Government to invest NIS 300 million in East Jerusalem

Plan aims to boost socio-economic development, effect a ‘significant decline’ in stone throwing and other violence

The East Jerusalem neighborhood of Issawiya (photo credit: Miriam Alster/FLASH90)
The East Jerusalem neighborhood of Issawiya (photo credit: Miriam Alster/FLASH90)

The cabinet on Sunday approved a NIS 300 million ($90 million) socio-economic development plan for East Jerusalem that focuses on increased security and police presence in the area, the municipality said.

“One of the main goals of the plan that was approved is to bring about a significant decline in violence by means of integrated activity to reduce gaps in infrastructure, employment, education and social welfare and by boosting enforcement and personal security,” said a statement from city hall.

The plan involves an increase in the number of policemen on the beat as well as a greater number of security cameras.

“According to Israel police assessments, the plan will lead to a significant decline in the short- and medium-term of over 50 percent in displays of violence,” it said.

Police figures quoted by the municipality indicate that in March and April, there were 390 incidents of stone-throwing at the security forces and vehicles in East Jerusalem, as well as dozens of cars stolen and break-ins.

“These are offences with nationalist characteristics that are not perpetrated in a similar scope in other parts of the country,” it said.

“The basic assumption for the civic aspects of the plan is the existence of a deep link between the scope and level of violence by residents of eastern Jerusalem and the standard of living in neighborhoods in the eastern part of the city.

The plan includes improvements in infrastructure, the education system and improved social assistance, it said without saying how such objectives would be achieved.

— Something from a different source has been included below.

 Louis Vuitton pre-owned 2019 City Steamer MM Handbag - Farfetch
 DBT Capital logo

Figures provided by the municipality said there were about 306,000 Palestinians living in East Jerusalem, whose civil status is that of residents, not citizens. They account for 38 percent of the city’s overall population.

Israel captured the Arab eastern sector of Jerusalem during the 1967 Six Day War and later annexed it in a move that hasn’t been recognized by the international community.

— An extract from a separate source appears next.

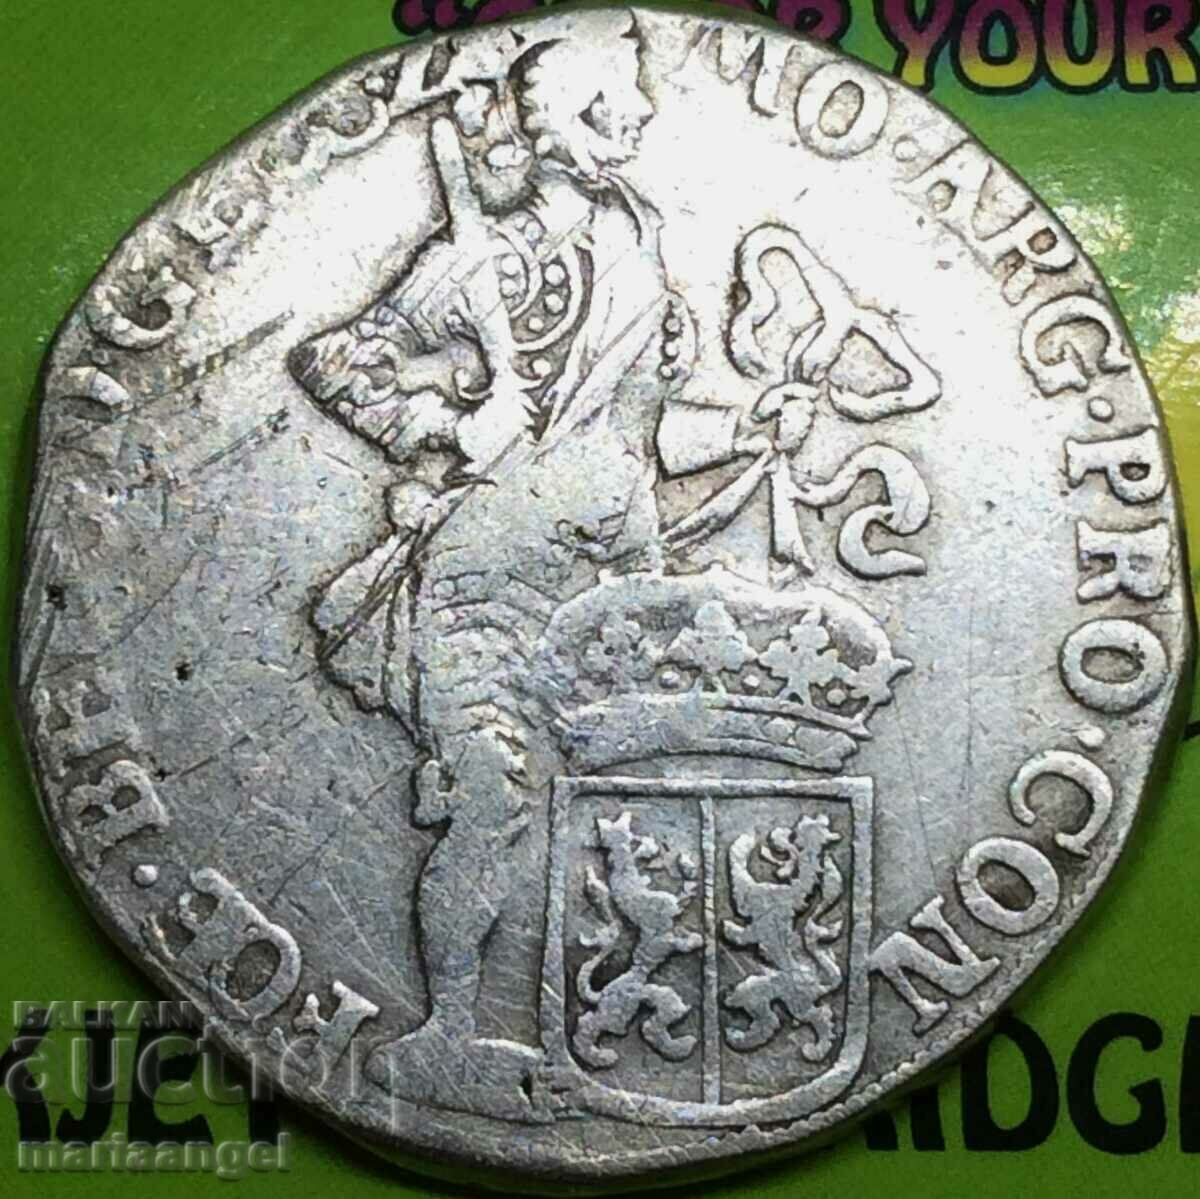 Netherlands 1 ducat 1694 40mm 27.72g silver rare

But the Palestinians want the eastern sector of the city as capital of their promised state, with the city’s future one of the biggest issues of the conflict.

By choice, almost all Palestinians living in East Jerusalem hold permanent residency status, meaning they have Israeli IDs but not passports.

They are entitled to all the insurance benefits of Israeli citizens and can vote in municipal — but not national — elections.

They enjoy complete freedom of movement within the country, unlike their compatriots in the West Bank and the Gaza Strip, who cannot enter the Jewish state without special permits that are hard to obtain.